2012-11-05 15:15:00  5.0    Count
2012-11-05 15:25:00  5.0    Count
2012-11-05 15:35:00  2.0    Count
2012-11-05 15:40:00  5.0    Count
2012-11-05 15:45:00  5.0    Count

- Once everything is checked, remove the instance from the ELB and Terminate the instance.

Definition:

# as-create-launch-config config-prueba --image-id ami-0e5ee467 --instance-type t1.micro --monitoring-disabled --group web-servers --key juankeys

OK-Created launch config

as-create-auto-scaling-group grupo-prueba --launch-configuration config-prueba --availability-zones us-east-1a --min-size 0 --max-size 4 --load-balancers elb-prueba --health-check-type ELB --grace-period 120

OK-Created AutoScalingGroup

With as-create-launch-config we define the Instance configuration we will be using in our Auto Scaling Group: Launch config name, AMI ID, Intance Type, Advanced Monitoring (1 minute monitoring) disabled, Security Group and Key Pair to use.

With as-create-auto-scaling-group we define the group itself: Group Name, Launch Confing to use, AZs to deploy in, the minimum number of running instances that our application needs to run,  the maximum number of instances we desire to scale up to, ELB name, the Health Check type set to ELB (by default is the EC2 System Status) and the grace period of time grant to a instance before is checked after launch (in seconds).

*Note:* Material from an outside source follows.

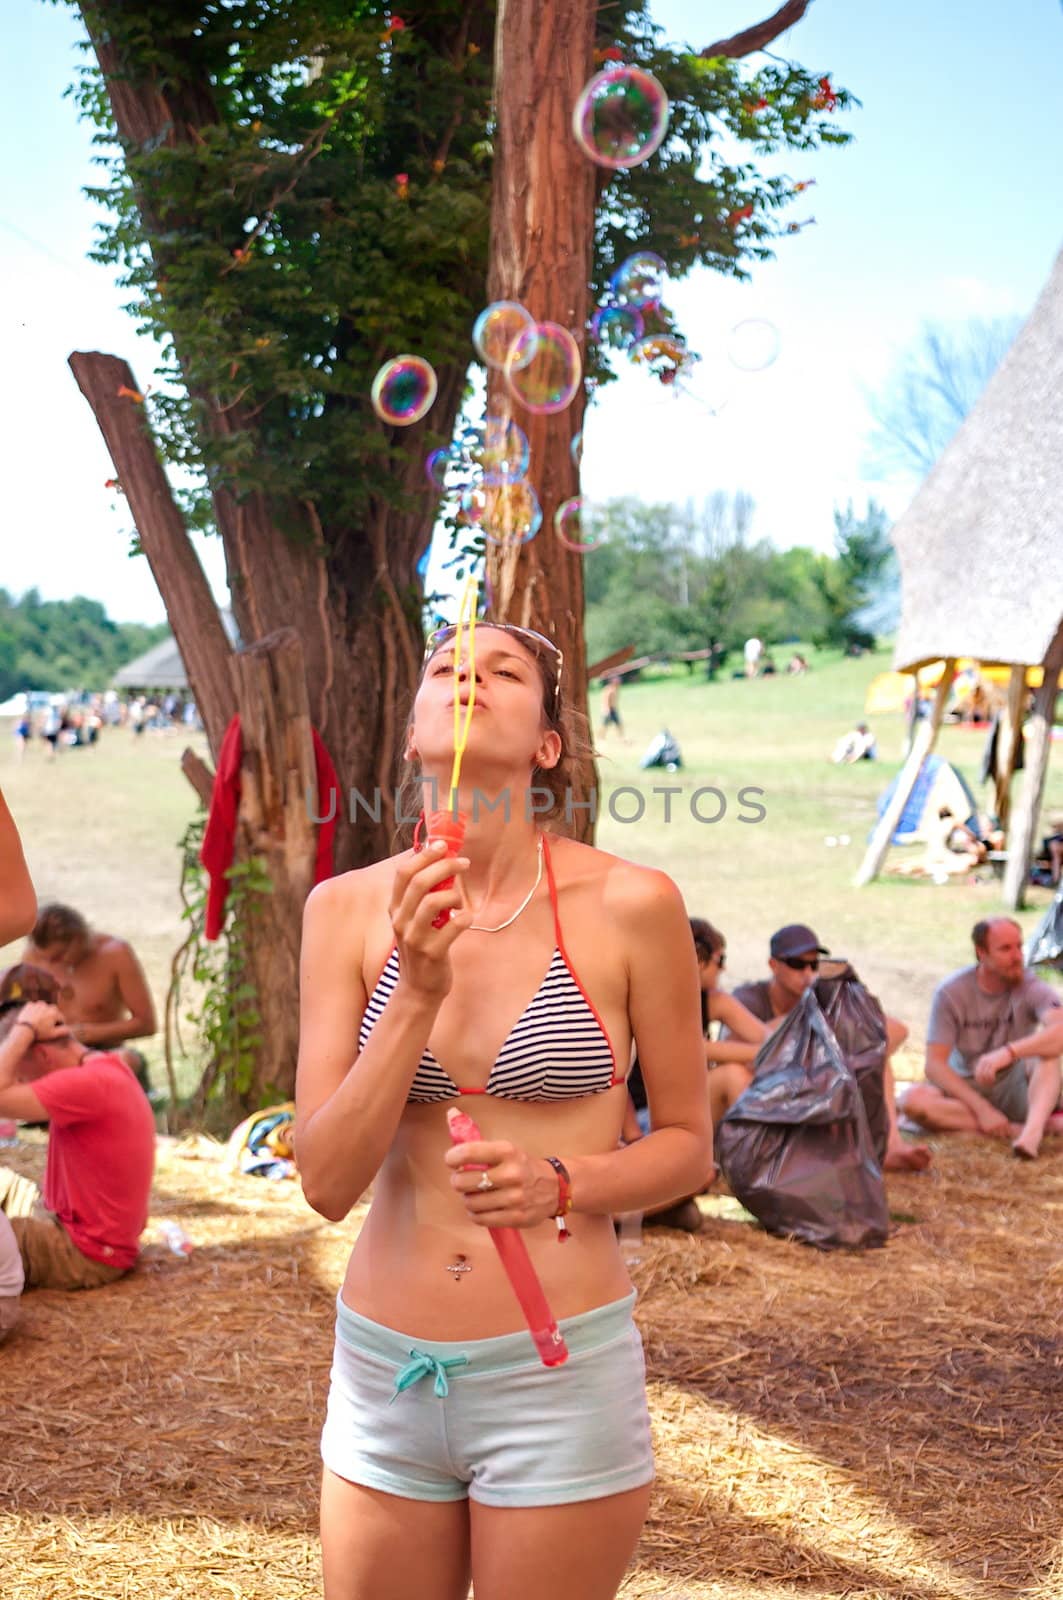 OZORA, HUNGARY - AUGUST 01: Girl blowing bubles on Ozora Festiva by anderm

as-put-scaling-policy scale-up-prueba --auto-scaling-group grupo-prueba --adjustment=1 --type ChangeInCapacity --cooldown 300

arn:aws:autoscaling:us-east-1:085366056805:scalingPolicy:36101053-f0f3-4c7c-bc4c-60a8a2a943a1:autoScalingGroupName/grupo-prueba:policyName/scale-up-prueba

With as-put-scaling-policy we create a Policy called "scale-up-prueba" for the previous created AS Group. When triggered it will increase the AS in one unit (one instance). No other AS activities for this Group are allowed until 300 seconds passes. After this successful API call a ARN identifier is returned. Save it because we will need it for the Alarm definition.

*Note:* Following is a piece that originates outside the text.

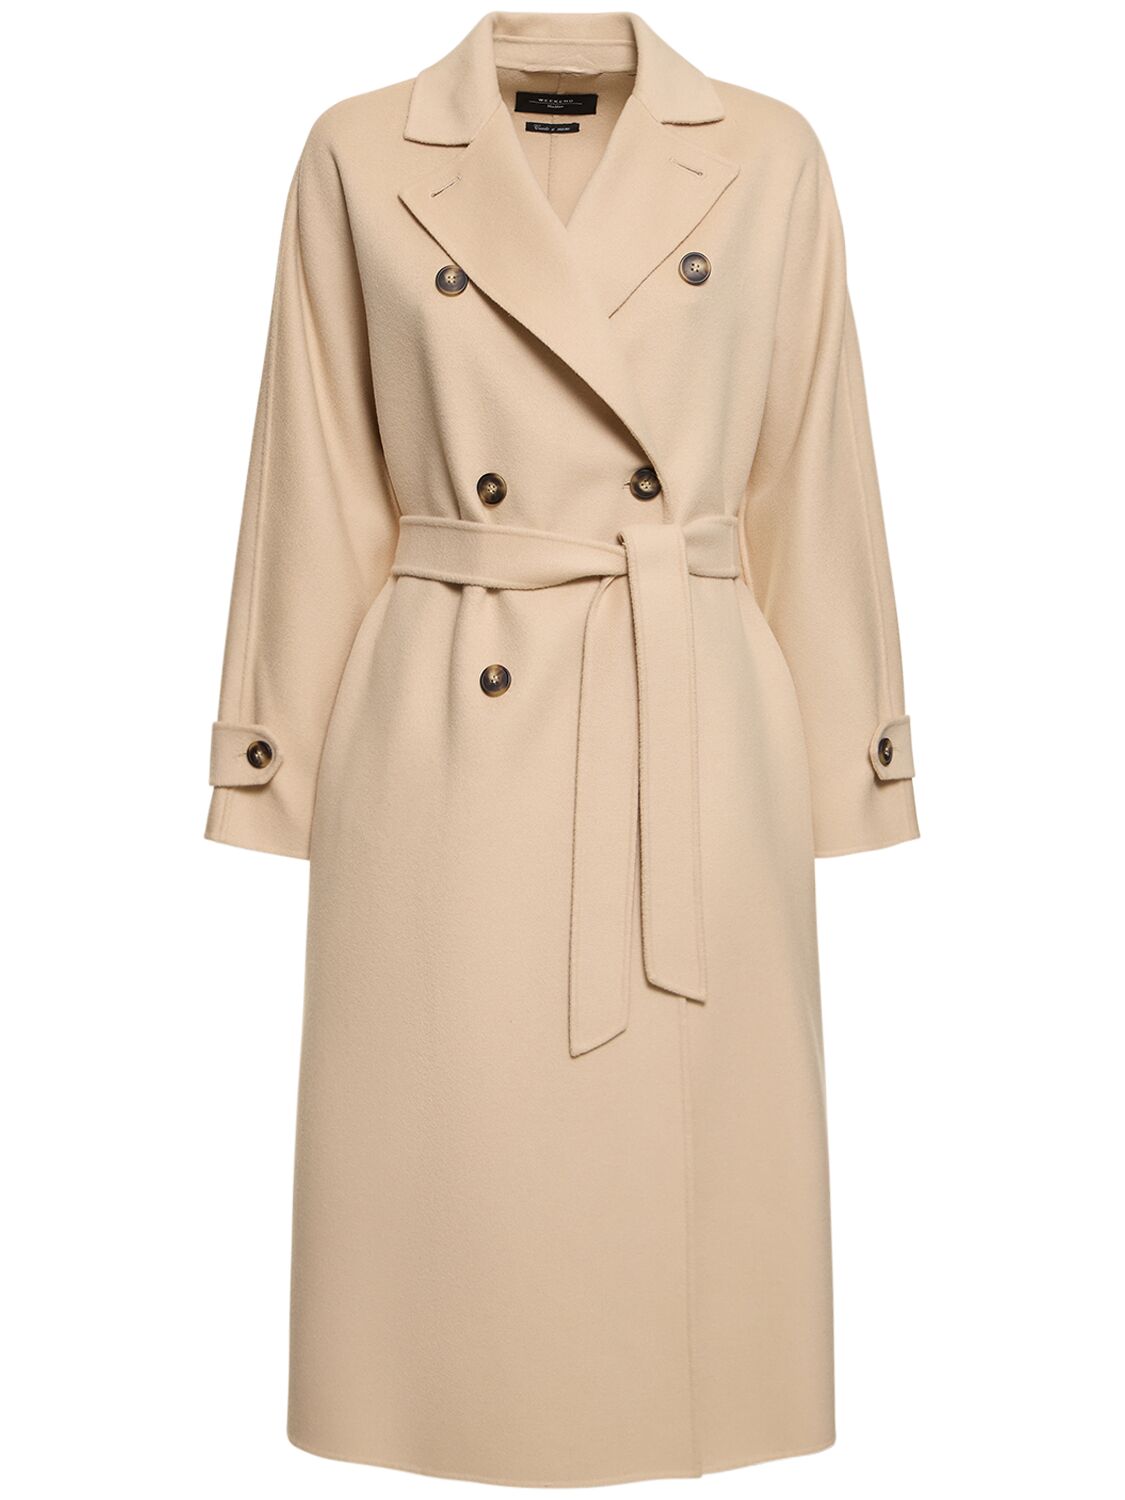 Weekend Max Mara Affetto Long Wool Blend Trench Coat In Light Beige

mon-put-metric-alarm scale-up-alarm --comparison-operator GreaterThanThreshold --evaluation-periods 1 --metric-name httpd-busyworkers --namespace "AS:grupo-prueba" --period 600 --statistic Average --threshold 10 --alarm-actions arn:aws:autoscaling:us-east-1:085366056805:scalingPolicy:36101053-f0f3-4c7c-bc4c-60a8a2a943a1:autoScalingGroupName/grupo-prueba:policyName/scale-up-prueba

OK-Created Alarm

With mon-put-metric-alarm we create a new CloudWatch alarm called "scale-up-alarm" that will be triggered when the last 10 minutes average of all the values of "httpd-busymetrics" is bigger than 10. Then the scale up policy will be executed through the ARN identifier. In this example, each Apache server with no external load has an average of 5 busyworkers so a good way to test it is to define a threshold of 10 to increase our cluster capacity. In a real world configuration those values will be very different and you have to tune them to mach your application.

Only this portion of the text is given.